== About this task ==
Once the pictures are set aside, copy the data below exactly as it stands.

== Data excerpt ==
----

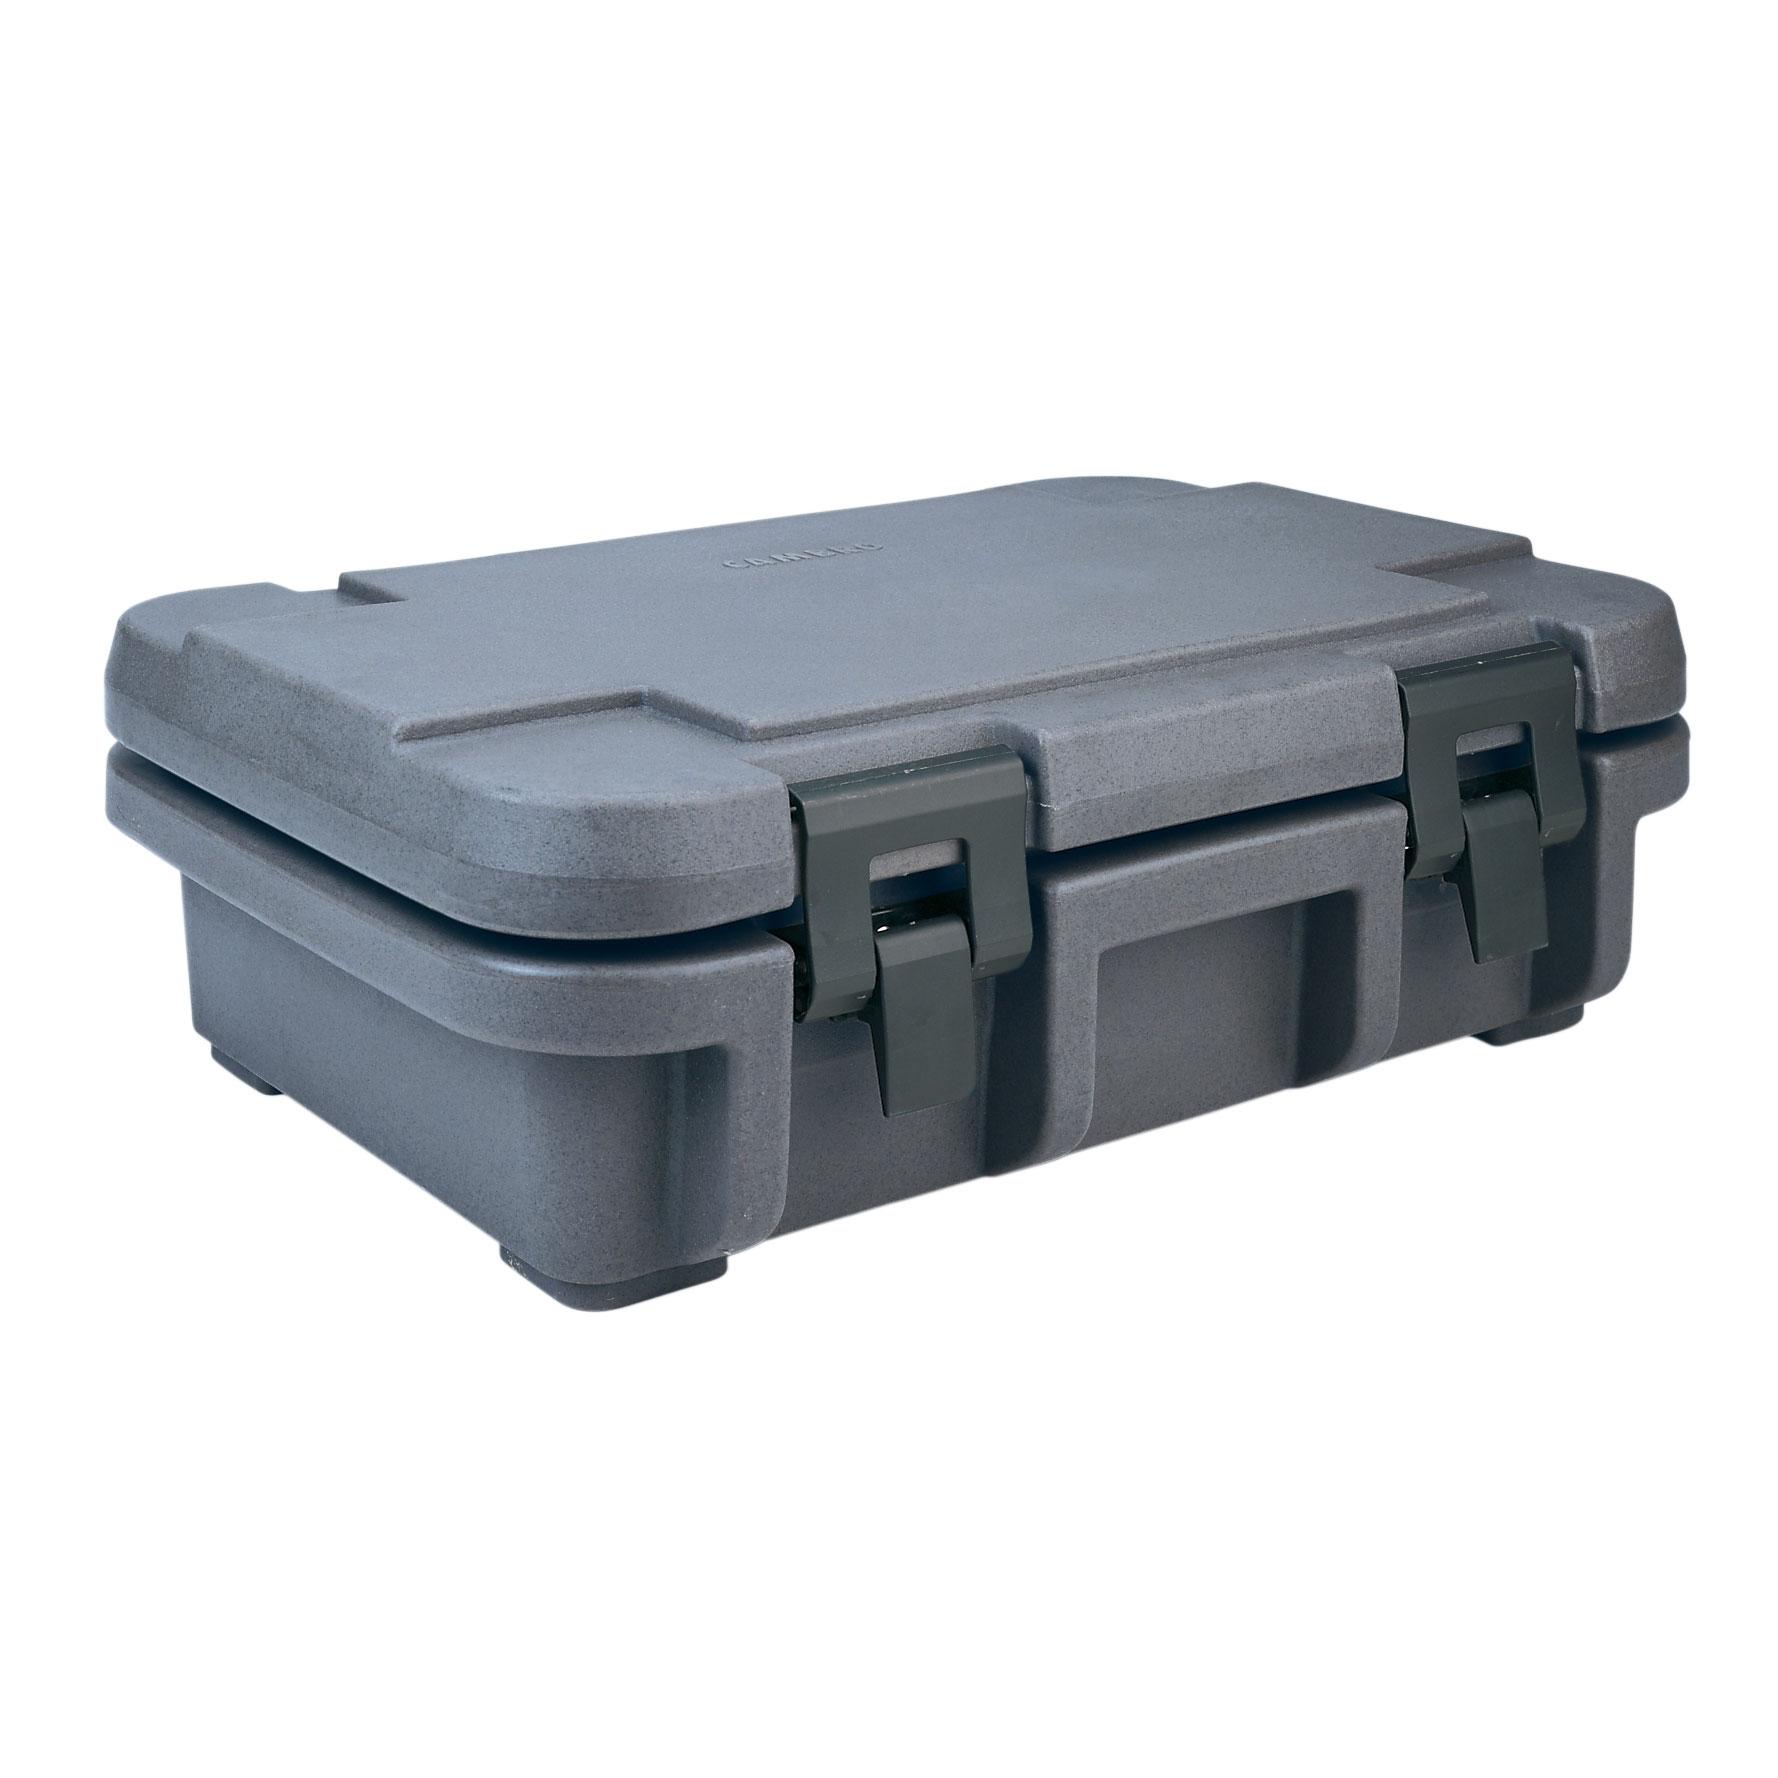 Cambro UPC140191 food pan carriers
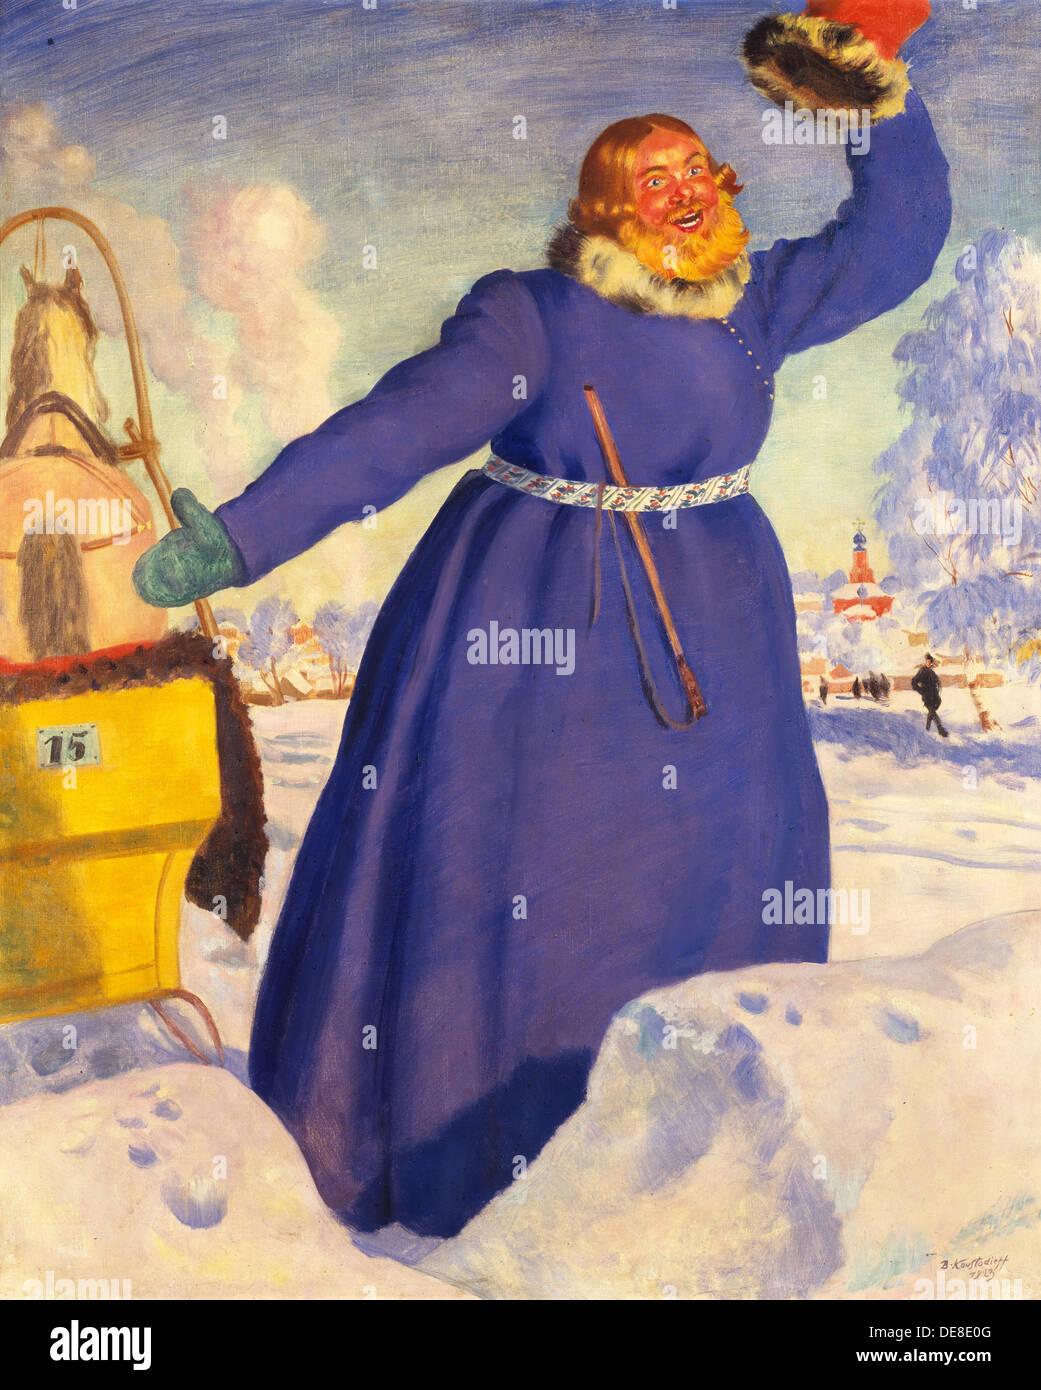 A reckless coachman, 1920. Artist: Kustodiev, Boris Michaylovich (1878-1927) - Stock Image
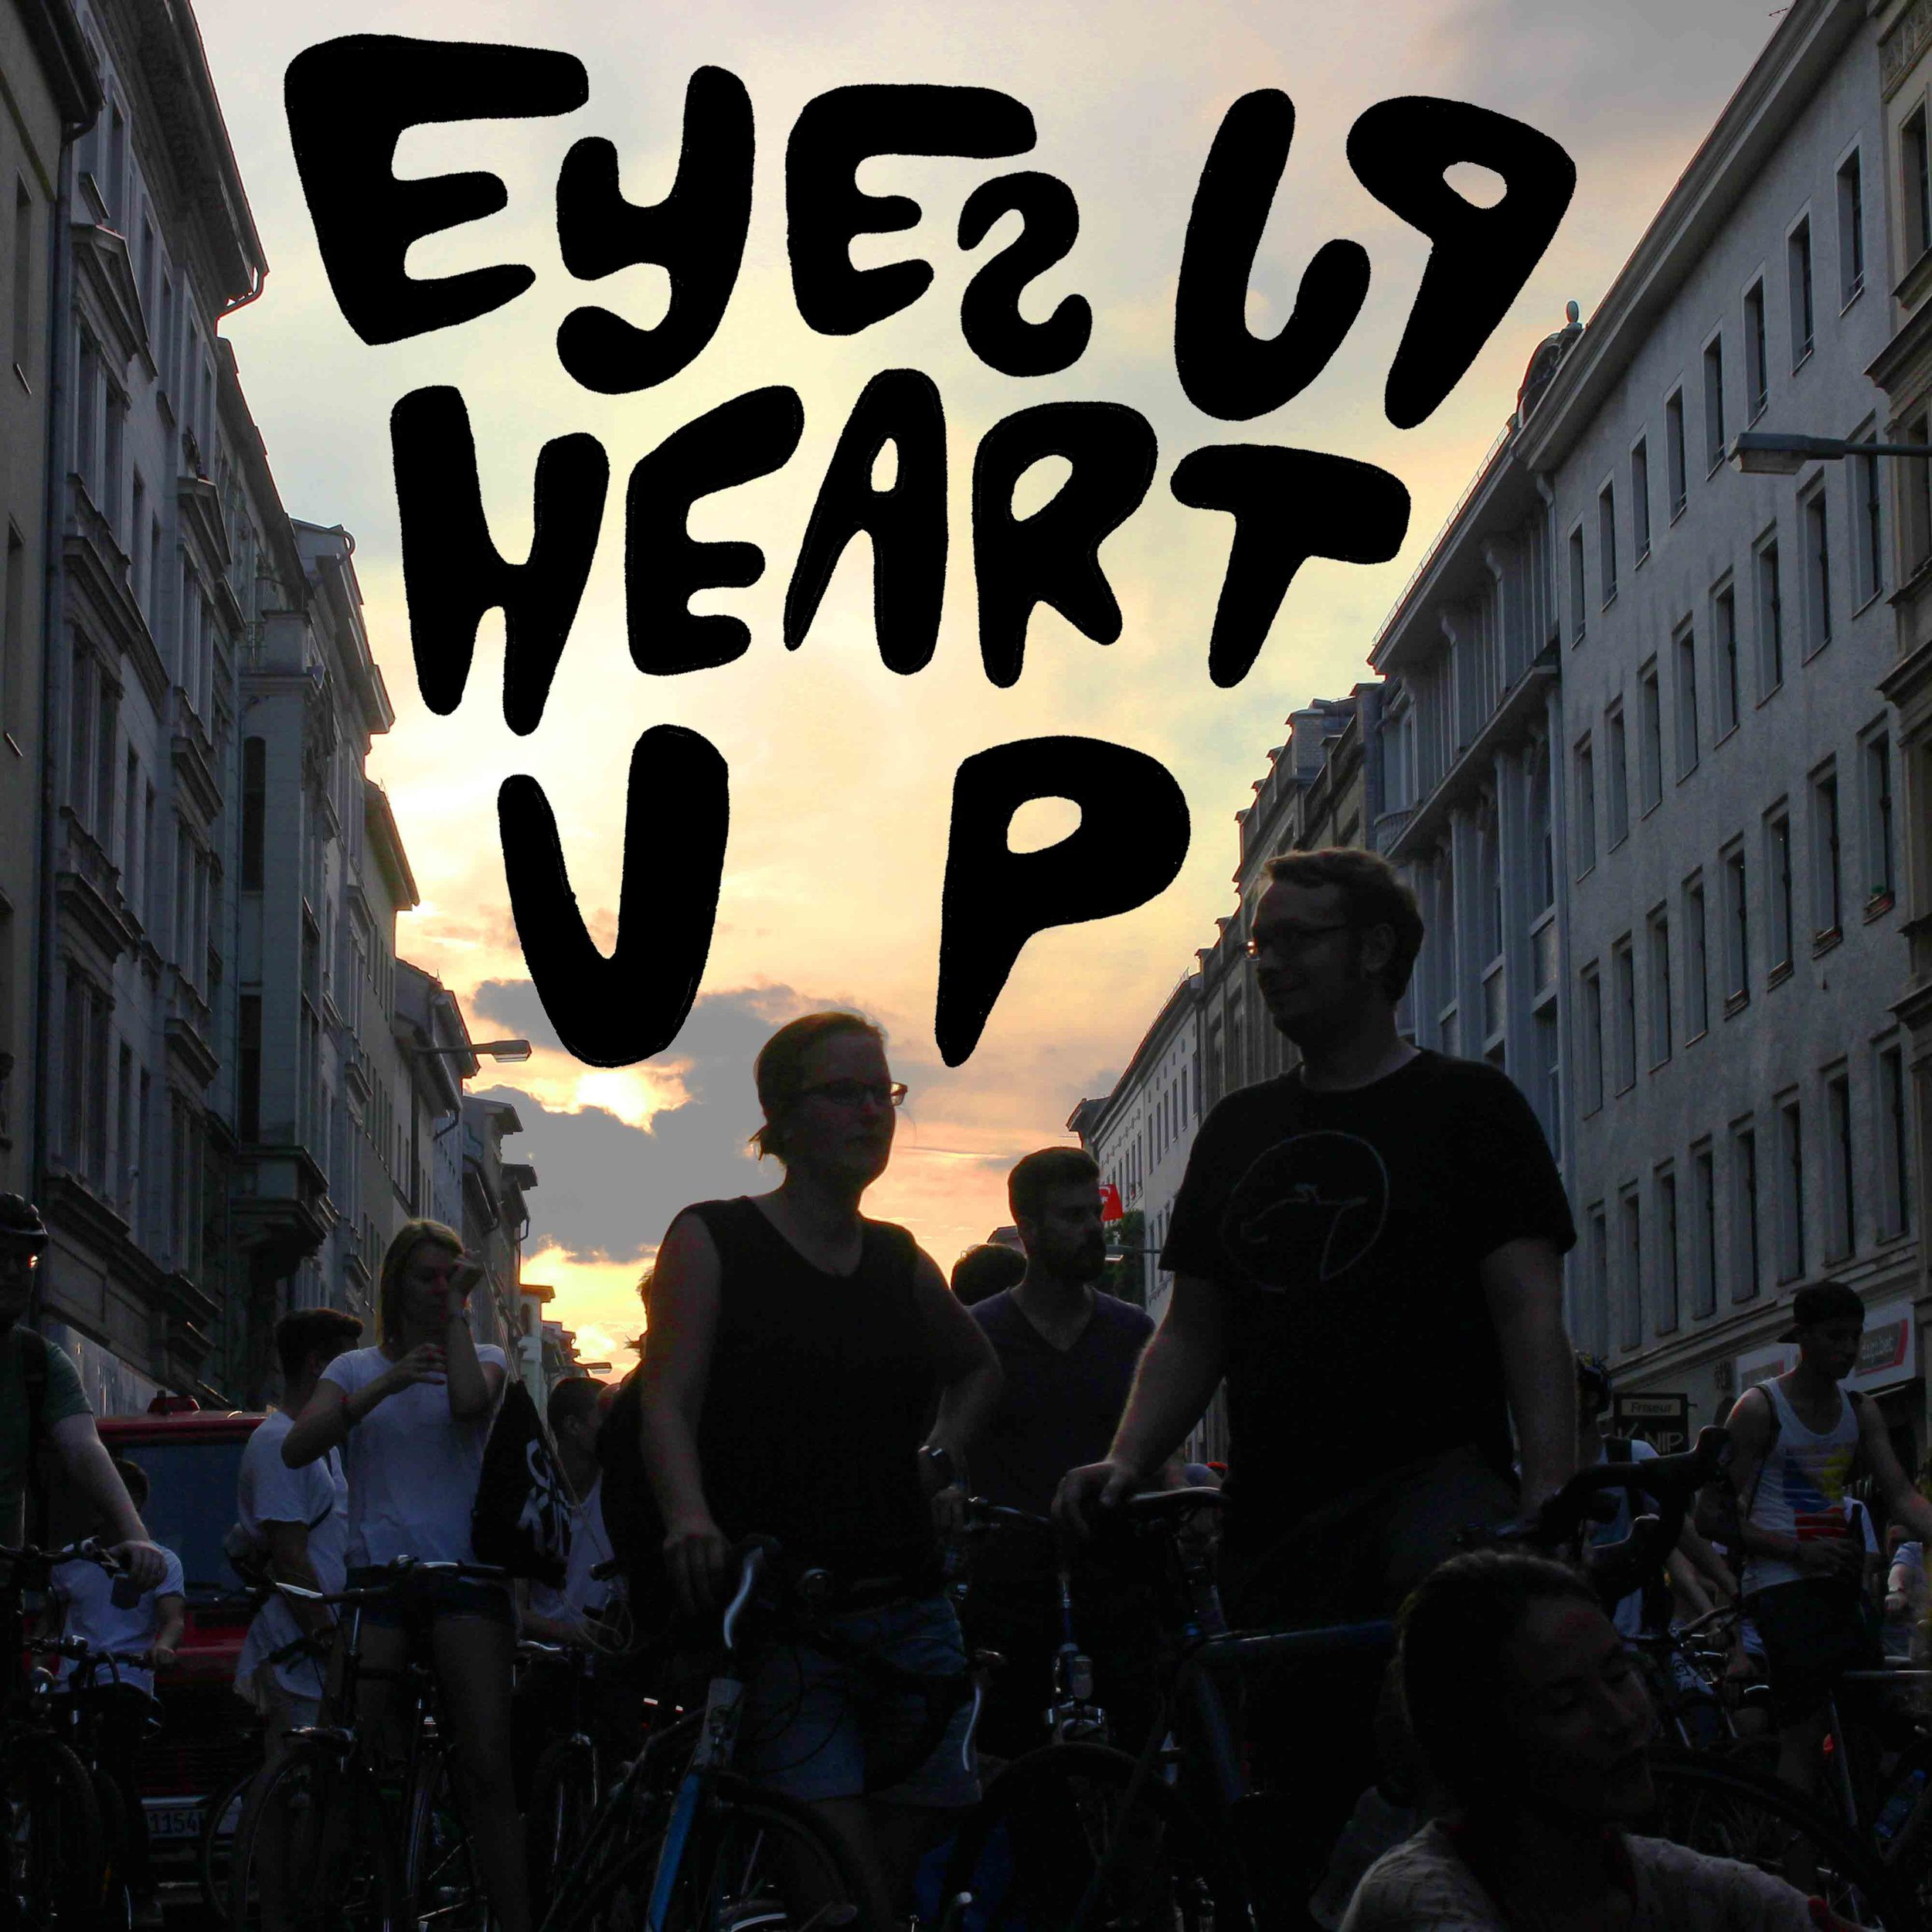 EyesUpHeartUp(sm).jpg
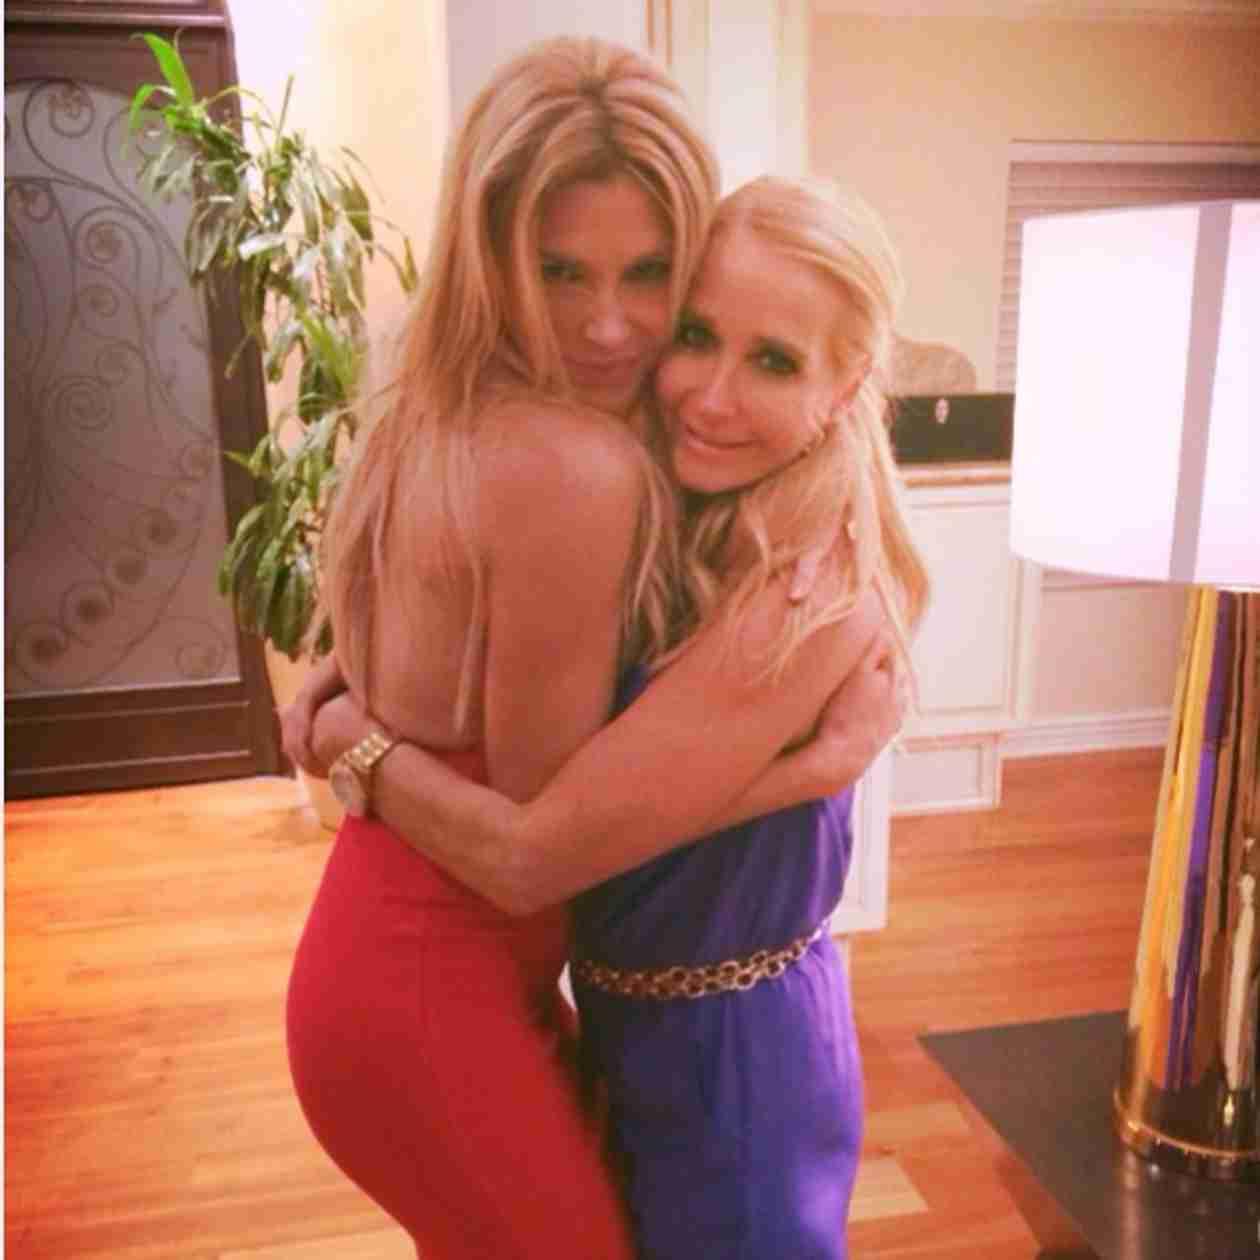 Kim Richards Looks Healthy After Hospital Stay, Bonds With Brandi Glanville

----

== Written response ==
 Cambro UPC140191 food pan carriers
 A reckless coachman, 1920. Artist: Kustodiev, Boris Michaylovich (1878-1927) - Stock Image
 EyesUpHeartUp(sm).jpg
 Kim Richards Looks Healthy After Hospital Stay, Bonds With Brandi Glanville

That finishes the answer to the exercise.